You can't dissipate any power into zero or infinity ohms (or a reactance), no matter how you design your filter matching!!!
So, inevitably (and necessarily!), you must apply some loss to the system, to keep it behaved. So your choice of L and C is motivated, not by the load impedance, but by how much power you wish to dissipate in the (lossy) filter, and how the resulting LC values affect your load.
As an example:
Suppose you have an audio amplifier, 8 ohms load (nominal at 1kHz), a +/-20V supply (half bridge output), a 20kHz bandwidth requirement, and a 100kHz switching frequency.
Ideally, the filter would fall at 20kHz, to get maximum attenuation of switching ripple and harmonics. The values would be on the order of 1uF and
64uH. (Of course, sqrt(64uH/1uF) = 8 ohms!) In practice, you'd fudge these so that the load can act as termination for the filter, which is a one-end-shorted type -- the source is a constant voltage source, not a matched resistance. The LC values need to be skewed, so that all the termination can occur at the load end.But if the load is itself an inductor, what do you do? You need to add an R+C in parallel with it, to provide that damping. And now your snubber will be dissipating quite a lot of signal power at the maximum frequency (not that you'd listen to 20kHz CW very often..), and accordingly, either the output amplitude is about 3dB below what you were expecting (half goes into the resistor!), or the amplifier must work twice as hard (i.e., it sees a load of about 4 ohms at 20kHz) for constant output amplitude.

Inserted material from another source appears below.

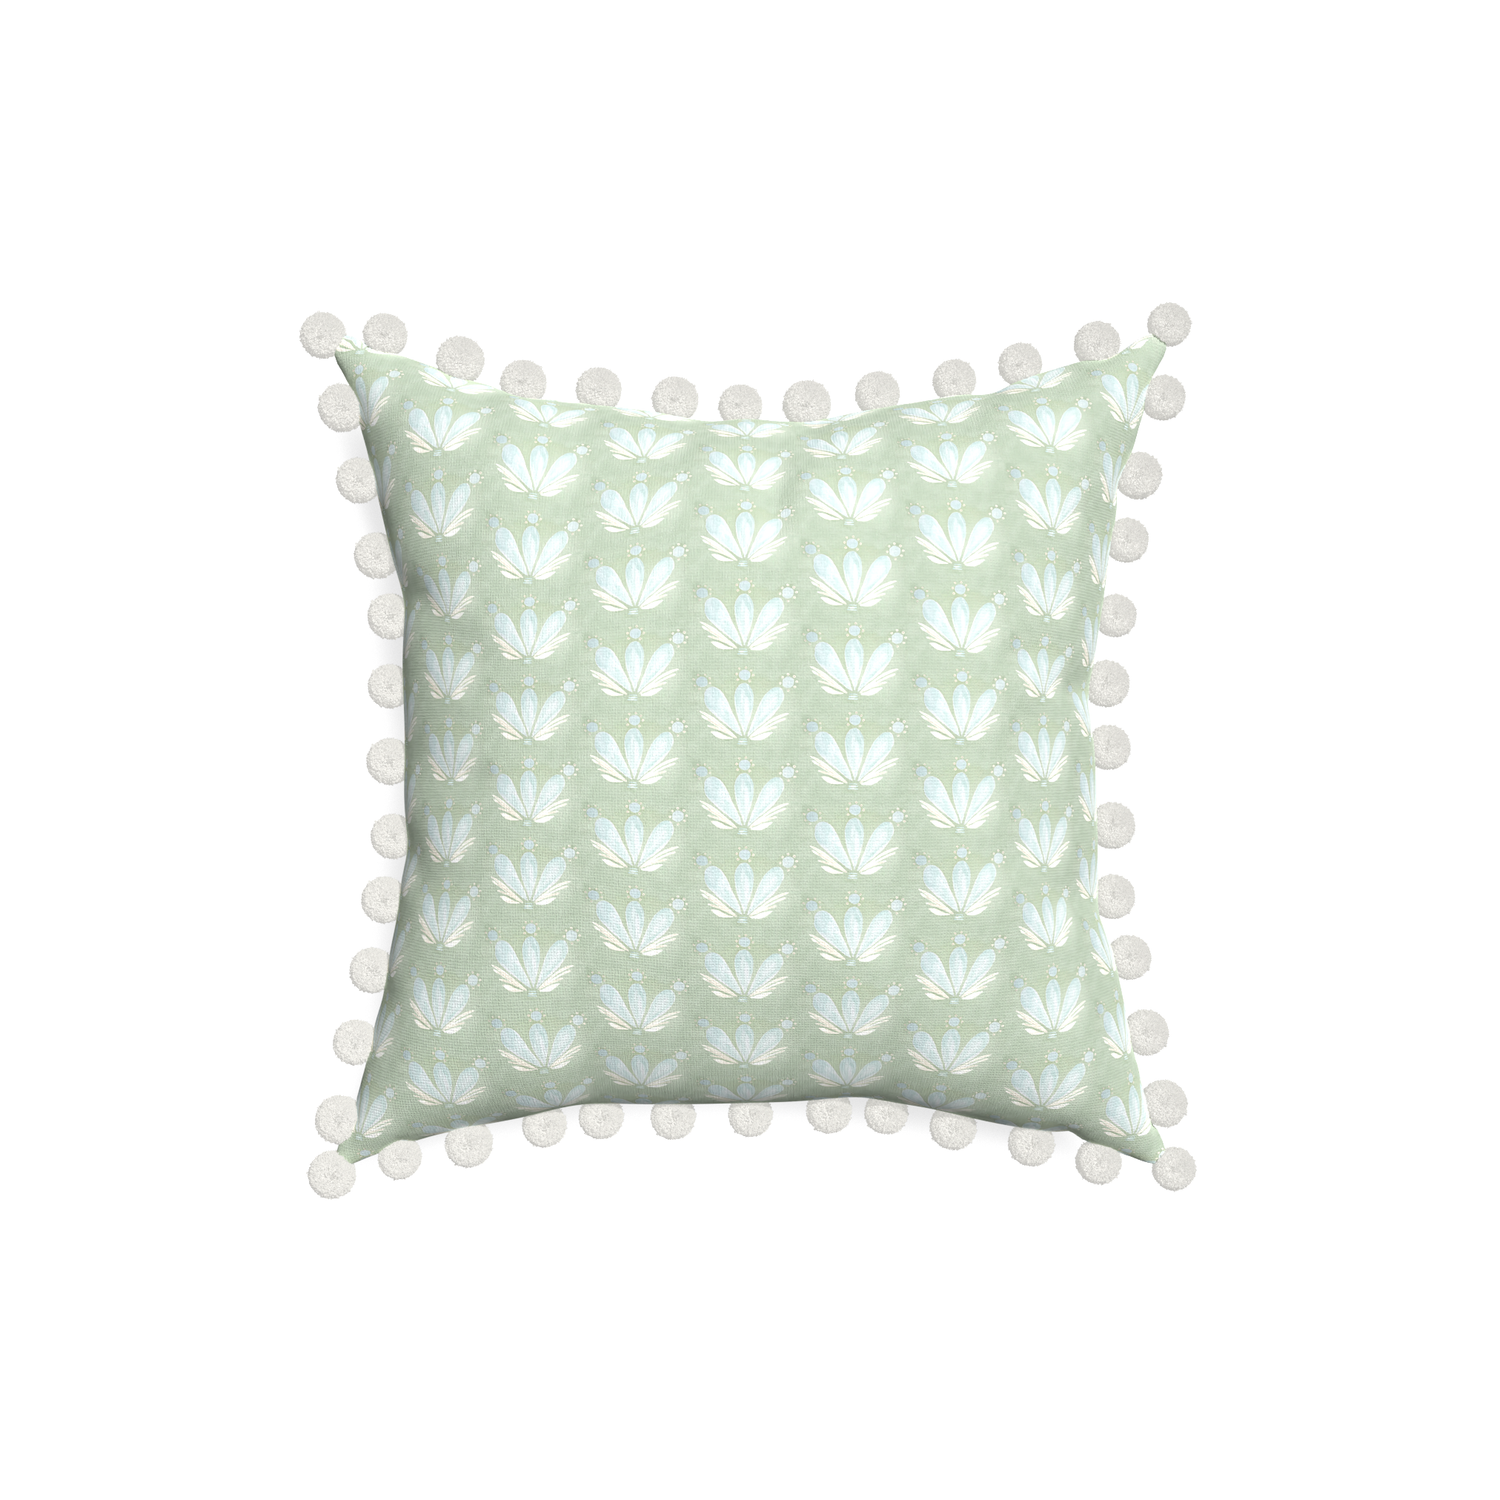 18-square serena sea salt custom pillow with snow pom pom on white background

So maybe we push the cutoff frequency higher, so the damping resistor doesn't burn signal power. But this pushes the filter closer to Fsw. As we approach Fsw, more and more reactive power must be handled by the filter, up to a maximum amount at Fsw. Above Fsw, reactive power goes back down, and up and down in humps, as f_0 passes each harmonic.
How much power? The nominal output power, at Fsw, is basically double the full power rating. That is, we have a 25W (sine wave, RMS) audio amplifier here; unfiltered, into an ideal 8 ohms, the square wave output would simply be 50W non stop! (20V^2 / 8 ohm = 50W.)

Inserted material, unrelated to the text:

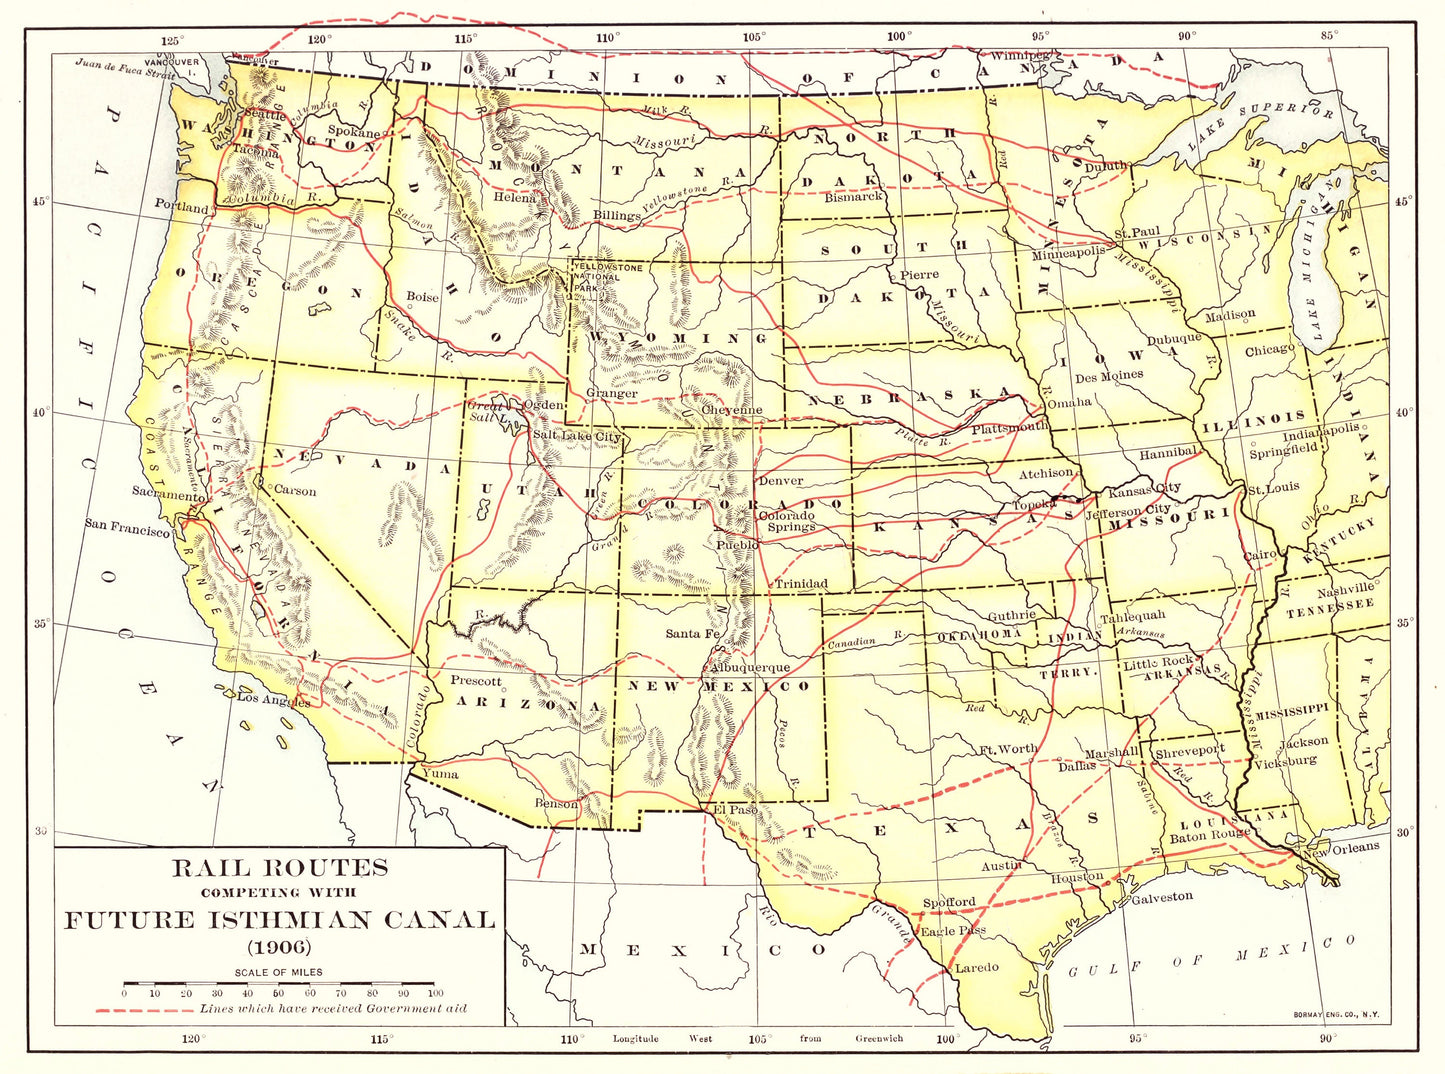 Harper's Atlas of American History Set 2 [37 Images]

We can cheat this by, well, simply drawing less power at Fsw. Raise the filter impedance. But alas, more series L also means more impedance at signal frequencies. We should like to keep L under 64uH, because that's the -3dB point, for 8 ohms at 20kHz.
If we have about 25-50W available at 100kHz, but we want to dissipate only, say, 1W in the snubber, we can even calculate what f_0 we need (essentially, how many harmonics we're going to let through). 100kHz is 5 times above
20kHz, and both frequency and impedance scale as sqrt(C), keeping L constant. But a 5x reduction still burns 5-10W, so we need to go 5x further (5th harmonic); but now we've blown past the fundamental, so the power will actually be a lot less than this, now. There's 1/4th power at the 2nd harmonic, 1/9th at the 3rd, and so on; so we probably only need to filter to the 2nd harmonic to achieve this loss spec.At the 2nd harmonic, we have maybe 6.2W available, so to dissipate 1W we need an impedance 6.2 times 8 ohms, or 49.6 ohms. L is max 64uH, so C =
0.026uF. (And an Rs+Cs in parallel with the C, where Rs = 50 ohms and Cs = 0.047uF or so.)Which has an actual cutoff frequency of 123kHz, which is still kinda close to Fsw, so we're not terribly far off the point of 1W loss, but it will dissipate more than expected. (This obviously isn't a proper system-of-equations solution. What, you think I use my /whole/ ass for free?)
So by designing the filter impedance, and terminating it with loss, we can control peak switch current AND filter above Fsw if needed.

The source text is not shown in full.